Instructions for the task
For the entries below, print exactly the lines between the line holding "Can i buy vans" and the line holding "Freya Deco Padded", inclusive, and nothing else.

Provided records
• • • • • • •
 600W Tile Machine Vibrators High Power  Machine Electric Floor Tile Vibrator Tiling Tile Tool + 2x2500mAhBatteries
• • • • • • •
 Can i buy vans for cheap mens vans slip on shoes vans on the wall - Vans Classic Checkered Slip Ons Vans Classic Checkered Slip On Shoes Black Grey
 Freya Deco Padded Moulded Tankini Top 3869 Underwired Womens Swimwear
• • • • • • •
Reply to the exercise
 Can i buy vans for cheap mens vans slip on shoes vans on the wall - Vans Classic Checkered Slip Ons Vans Classic Checkered Slip On Shoes Black Grey
 Freya Deco Padded Moulded Tankini Top 3869 Underwired Womens Swimwear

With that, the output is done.